▸ TASK REQUIREMENTS
Write the following entries out again exactly, skipping each image.

▸ SUPPLIED MATERIAL

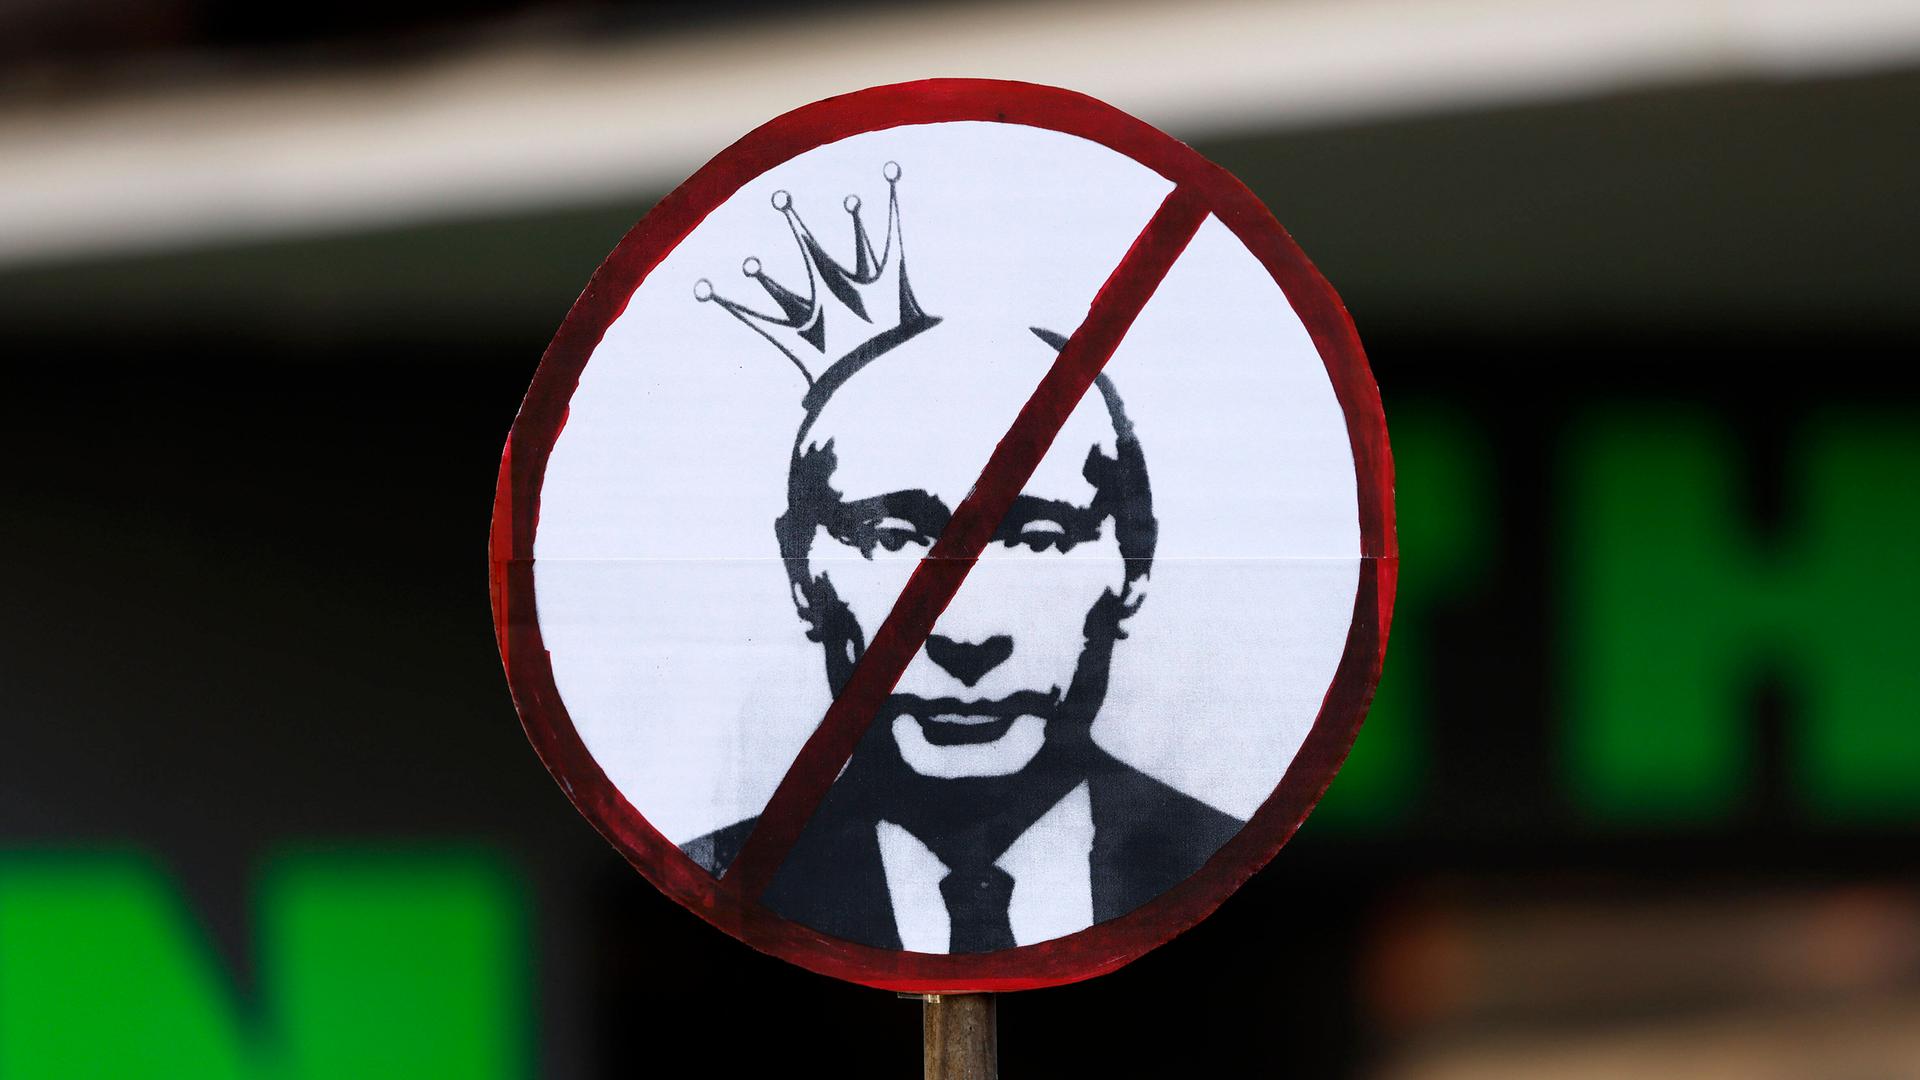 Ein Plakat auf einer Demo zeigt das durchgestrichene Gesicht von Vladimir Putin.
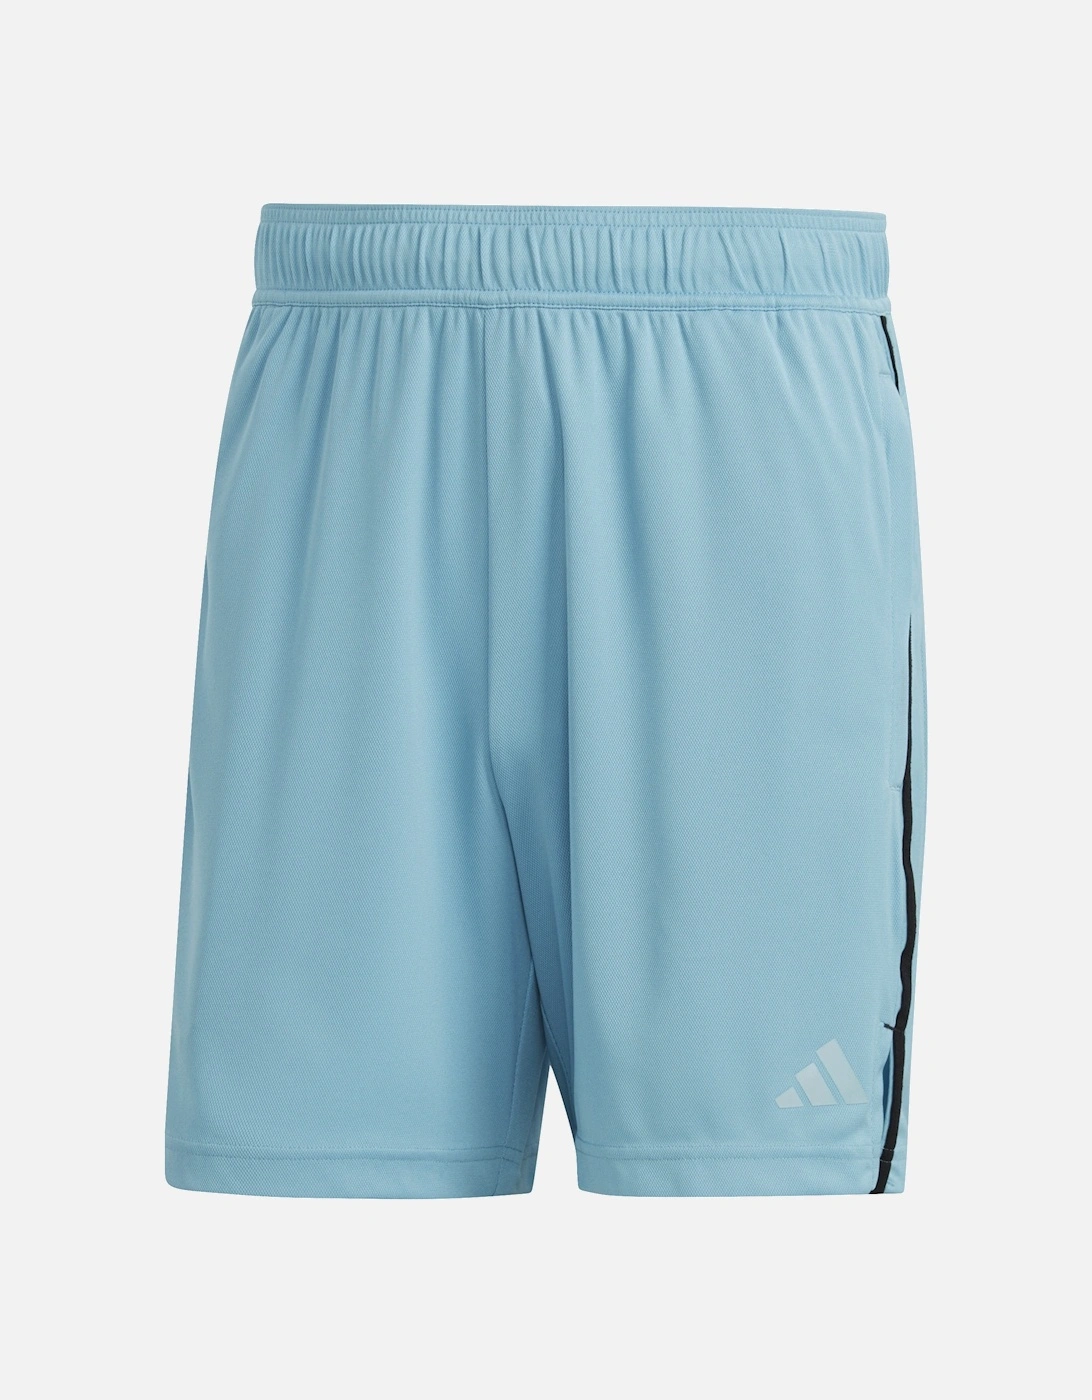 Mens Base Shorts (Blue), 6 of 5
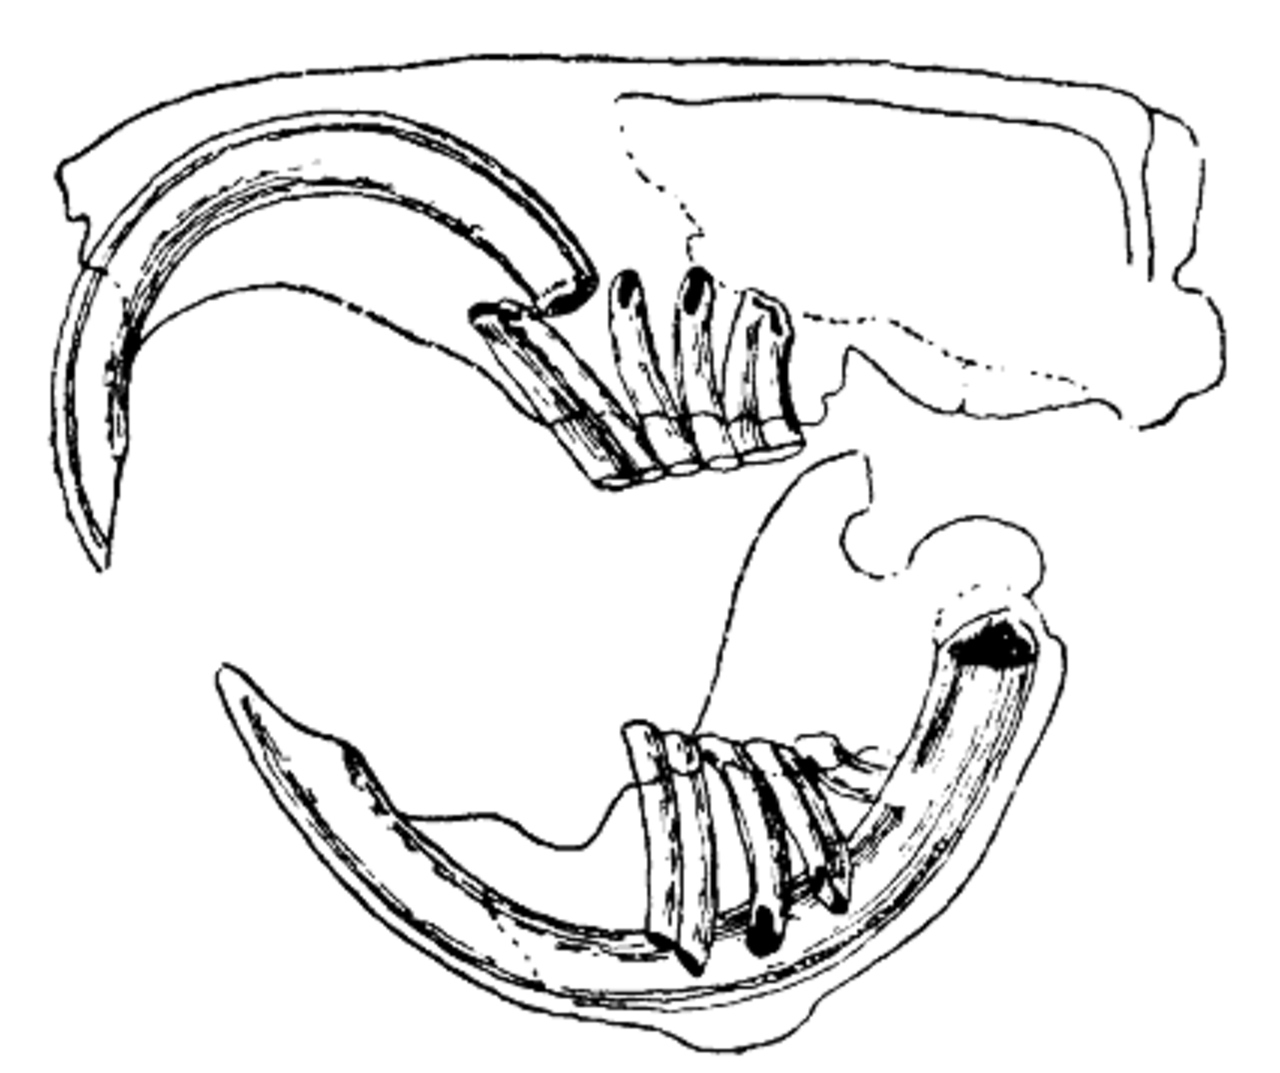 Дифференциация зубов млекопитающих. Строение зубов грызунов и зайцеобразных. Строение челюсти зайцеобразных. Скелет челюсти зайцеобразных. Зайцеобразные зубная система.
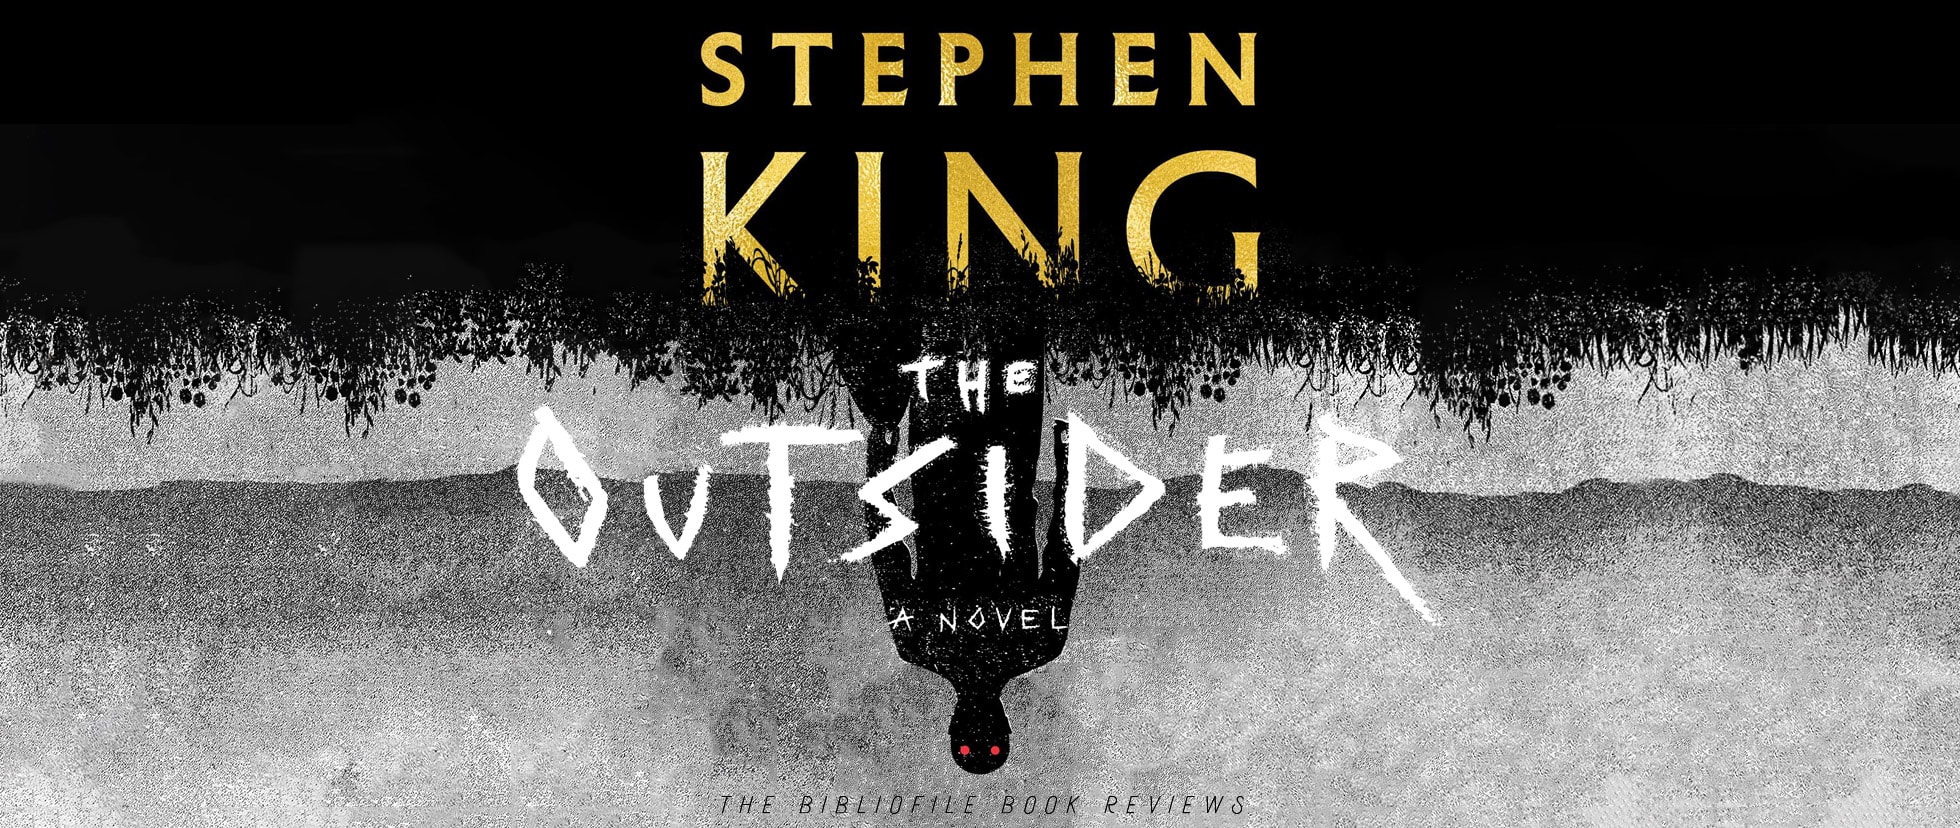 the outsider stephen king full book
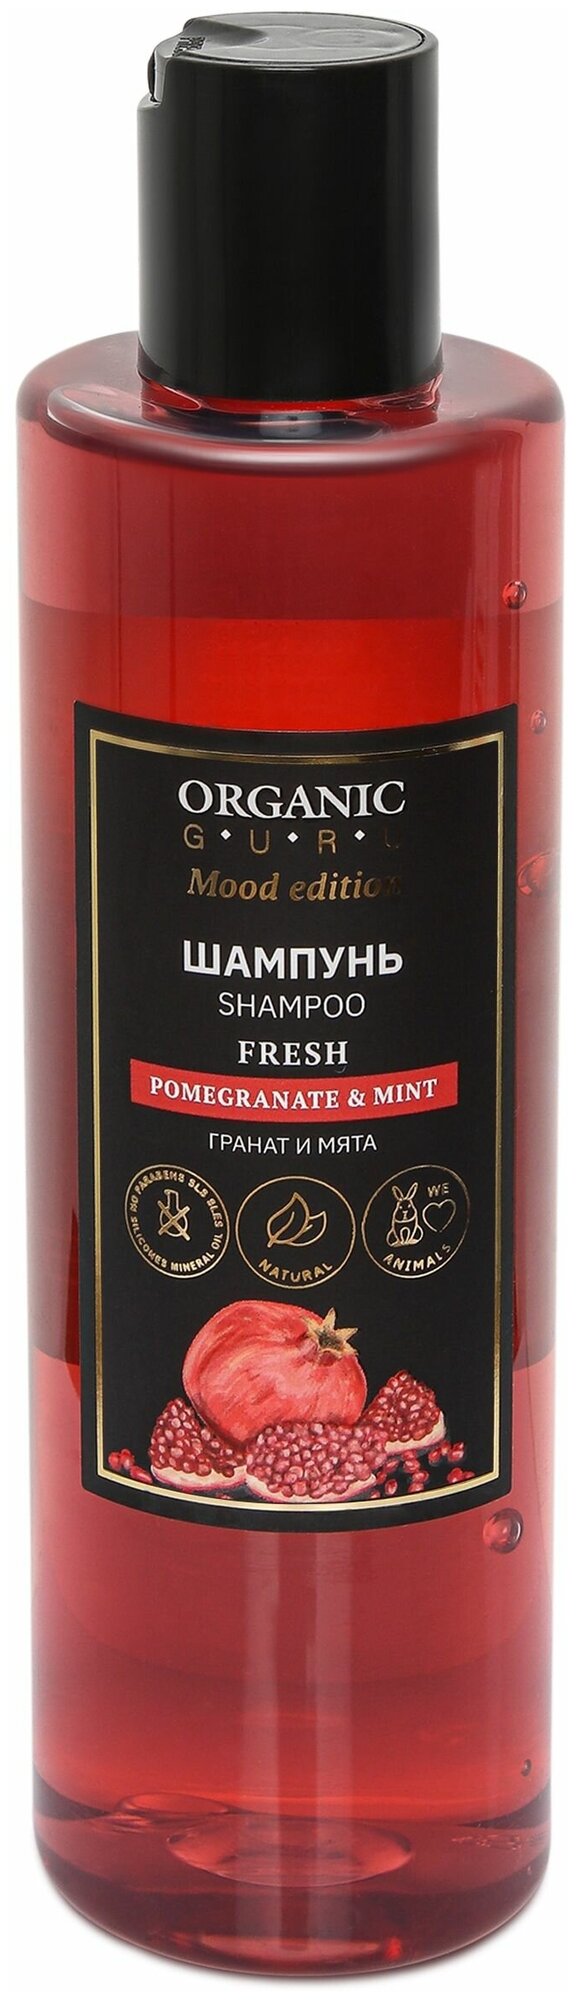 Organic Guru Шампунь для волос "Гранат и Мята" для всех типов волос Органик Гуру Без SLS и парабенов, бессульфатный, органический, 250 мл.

▸ SOLUTION FOR THIS PROBLEM
 Ein Plakat auf einer Demo zeigt das durchgestrichene Gesicht von Vladimir Putin.
 Mens Base Shorts (Blue), 6 of 5
 Дифференциация зубов млекопитающих. Строение зубов грызунов и зайцеобразных. Строение челюсти зайцеобразных. Скелет челюсти зайцеобразных. Зайцеобразные зубная система.
 the outsider stephen king full book
 Organic Guru Шампунь для волос "Гранат и Мята" для всех типов волос Органик Гуру Без SLS и парабенов, бессульфатный, органический, 250 мл.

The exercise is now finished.